Word on Fire Bishop Robert Barron’s daily Lenten reflections. Today’s was a doozy. I do and don’t want to share.
Jesus said to his disciples:
“Ask and it will be given to you;
seek and you will find;
knock and the door will be opened to you.
For everyone who asks, receives; and the one who seeks, finds;
and to the one who knocks, the door will be opened.
Which one of you would hand his son a stone
when he asked for a loaf of bread,
or a snake when he asked for a fish?
If you then, who are wicked,
know how to give good gifts to your children,
how much more will your heavenly Father give good things
to those who ask him.
“Do to others whatever you would have them do to you.
This is the law and the prophets.”
Friends, today’s Gospel urges us to persist in prayer. The Lord wants us to ask with persistence, even stubbornness.
Now, we must not think of God as becoming exasperated by our prayer of petition, but the clear implication is that we will get what we want through persistence: “Ask and it will be given to you; seek and you will find; knock and the door will be opened to you.”
How do we make sense of this? For me, the best explanation is offered by St. Augustine. He said that God doesn’t always give us immediately what we ask for, and in fact, he compels us to ask again and again. The Lord wants to stretch us, expanding our desire so as to receive the gift he desires to give us.
If we got everything we wanted, right away and without effort, we wouldn’t appreciate what we’ve received, and we wouldn’t really be capable of taking it in. It would be like pouring new wine into old, shrunken wineskins, resulting in a loss of both the skins and the wine.
So if the gift doesn’t come right away, don’t despair; rather, feel your very soul expanding in anticipation.
Reflect: Think of something you prayed about repeatedly for a very long time.

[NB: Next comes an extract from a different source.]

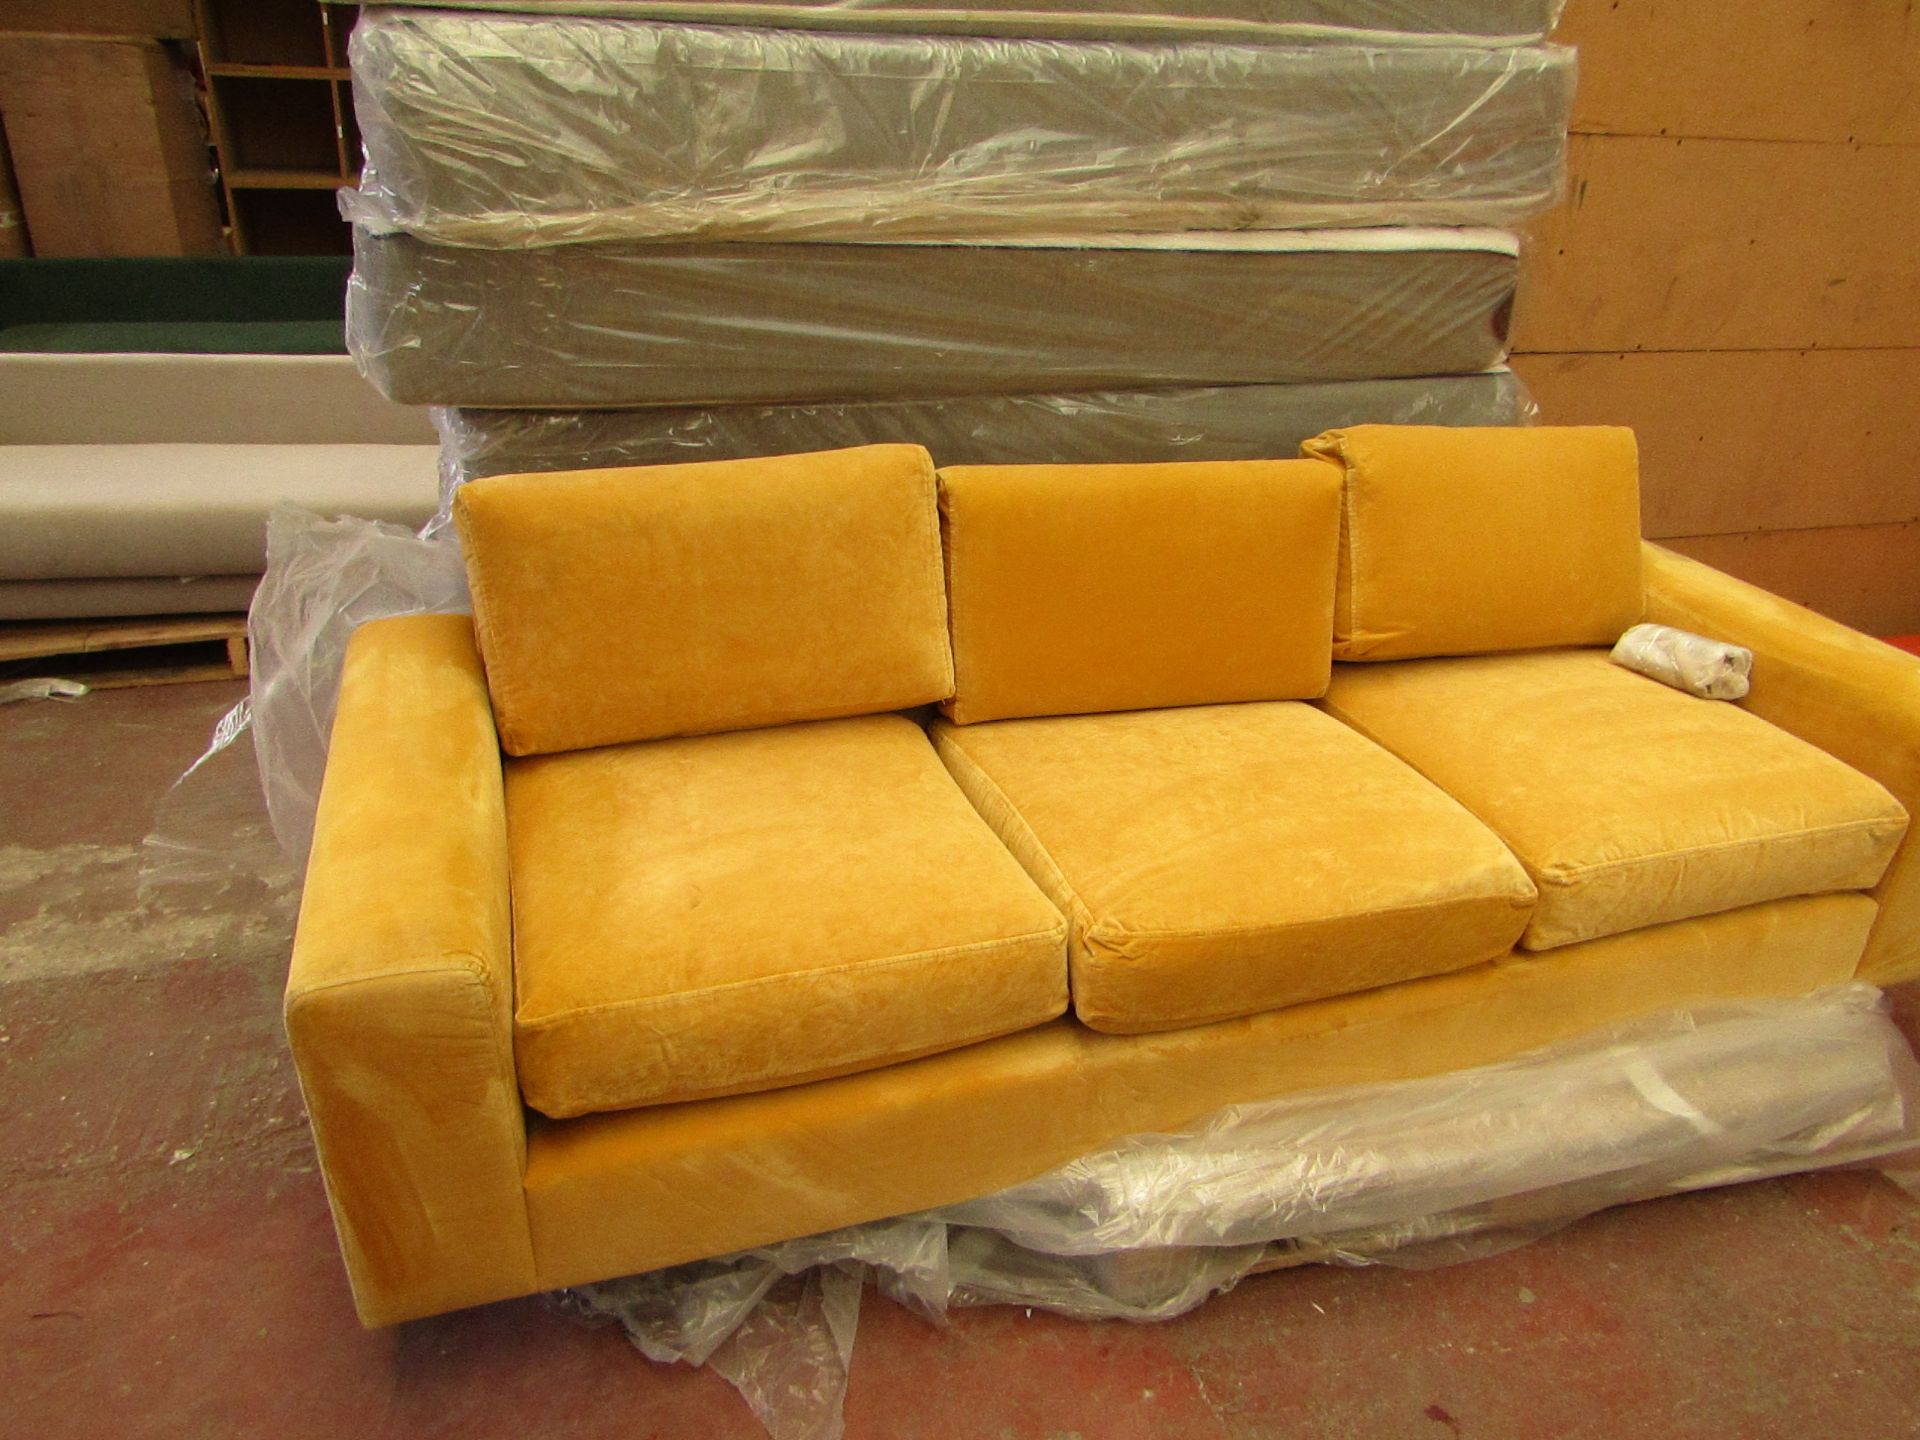 | 1X | SWOON MALVERN 3 SEATER SOFA IN YELLOW | HAS A COUPLE OF SMALL DIRTY MARKS, COMES WITH FEET,

When your prayer was answered, how had you changed from start to finish?
- Yes my soul has expanded from years of prayer without answer.
- If the prayer has been answered and it isn’t what I want how do I know? Should I keep praying? Or is it that I shouldn’t persist because I already have the answer?
- I feel like I have changed greatly “from start to finish” yet I haven’t yet reached the finish.
- It is hard to persist in prayer.
- Because recent answers aren’t what I’ve wanted it helps make me more appreciative of what I have been given.
- I feel like I persisted and was stubborn a very long time. So much so that I became exhausted by prayer. That isn’t right, is it? And yet “anticipation of answered prayer” going [seemingly] unanswered for so long leads to despair and then a fight against a hardening of one’s heart.
- How long is enough O God? I have stopped asking but I haven’t stopped believing it is possible.